# Roundover bit advice



## bhp2000 (May 16, 2014)

Hi: I've got to say this is one of the reasons I love the web.
I need some helpful advice about portable routing and BINGO!
A site and forum devoted to routers! Gotta love it and thanks
all for the venue and hopefully a little wisdom!

OKAY...

Have a small, portable router with a 1/4 inch shank.
I used it once a couple years back to trim all the laminate
I put on a cabinet I had built to hold recording gear. It worked
great and I was amazed that I even did it because it came out so well.

NOW...I just purchased a 2' x 6' butcher block surface that's 1 1/2 inches thick.
I need to round one of the long sides because I'll be using it as a recording-desk of sorts. 

AT FIRST...I figured I'd get a 3/4 inch round over bit but I don't
think a 1/4 inch shaft is strong enough...nor my little router for that matter.

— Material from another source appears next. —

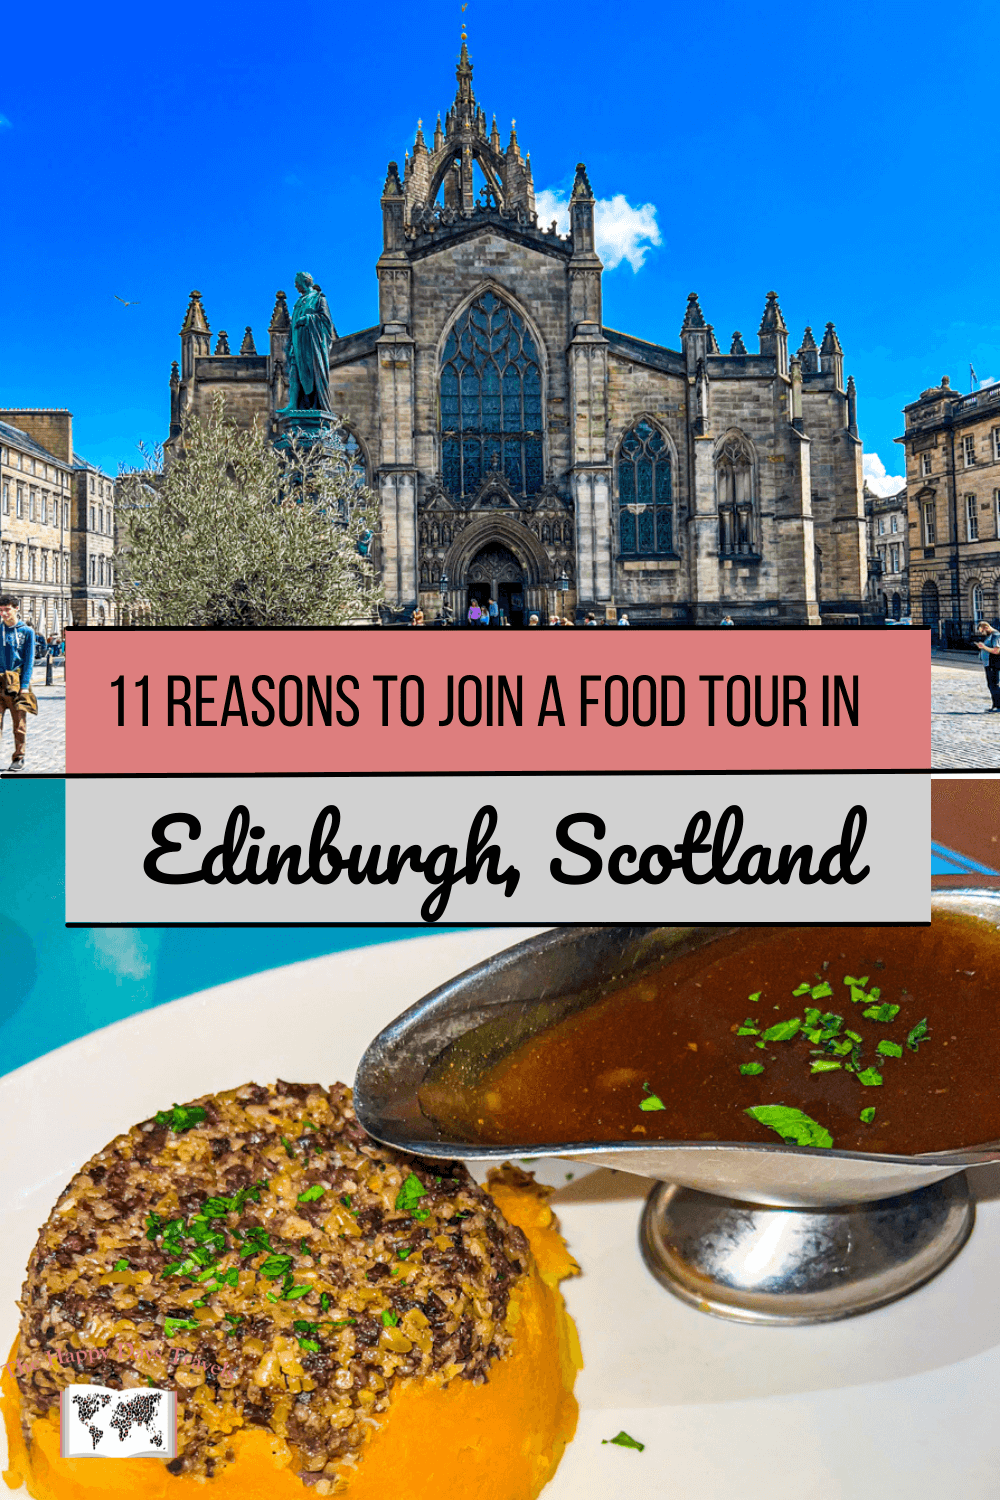 Pin image. Text reads '11 Reasons to Join a Food Tour in Edinburgh, Scotland' with image of St Giles Cathedral at the top and Haggis Neeps and Tatties on the bottom.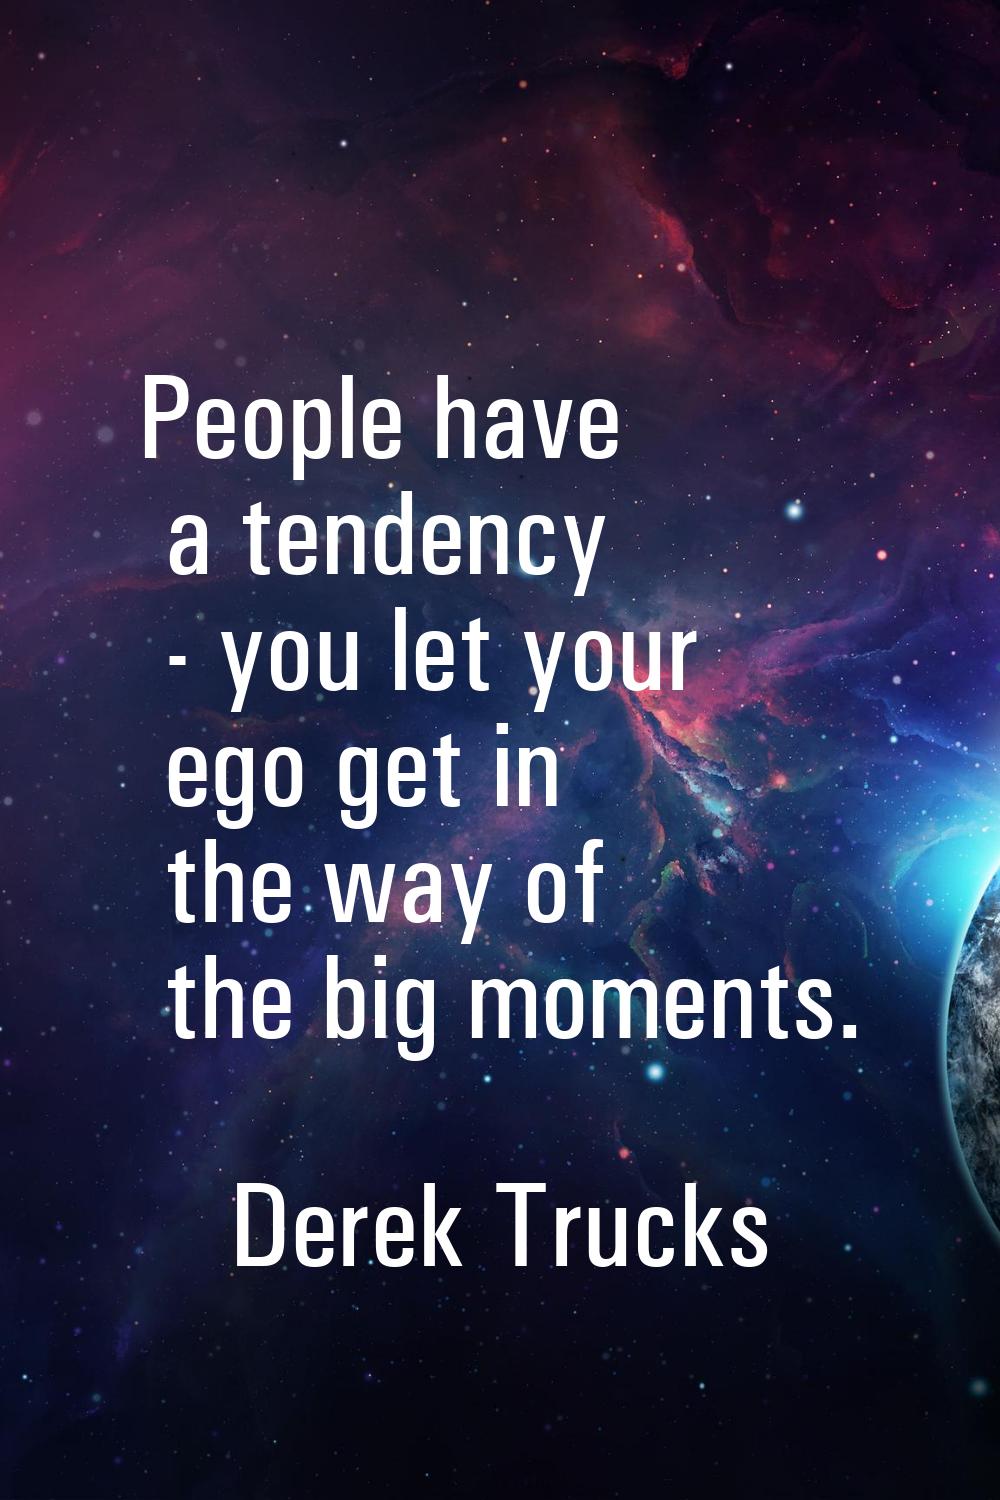 People have a tendency - you let your ego get in the way of the big moments.

Should I just get a 1/2 inch bit? I guess I'm also going to have to
pick up some C-Clamps for a template guide. (Any thoughts here appreciated too)

've never worked with a round over bit and will probably practice on scrap first.
Not sure how to start the cut. ALSO...thought I read somewhere that I should
move the router in an opposite direction of the way it spins???

ANY AND ALL HELP VERY MUCH APPRECIATED! I suppose if it's too difficult to
do I could always try to find a small woodshop and have them put it on their table...but that takes all the fun out of it.  Thanks, Bob


----------



## kp91 (Sep 10, 2004)

Bob,

If you're just looking to ease the edge to make it comfortable to work at, a 3/8 inch roundover bit would work fine.

Roundover bits are bearing guided, so you can get by without using a template guide. You can use an edge guide, either store bought or shop made, to keep the router from tipping. A shop made offset sub base also works well for this.

You could also put an oversize bearing on your roundover bit so it takes a smaller bite on the first pass, or start with a smaller roundover bit and work up to your final size.

The feed direction on the router is always feeding the wood into the 'flat' face of the carbide. There are a ton of threads on the forum with examples of this if the small pictures dont suffice.

Good luck with the project!


----------



## bhp2000 (May 16, 2014)

Doug:

Most helpful and that's exactly what I'll do.
Thanks so much for the quick and meaningful advice!

Bob


----------



## Semipro (Mar 22, 2013)

Bob, glad to see you join our community


----------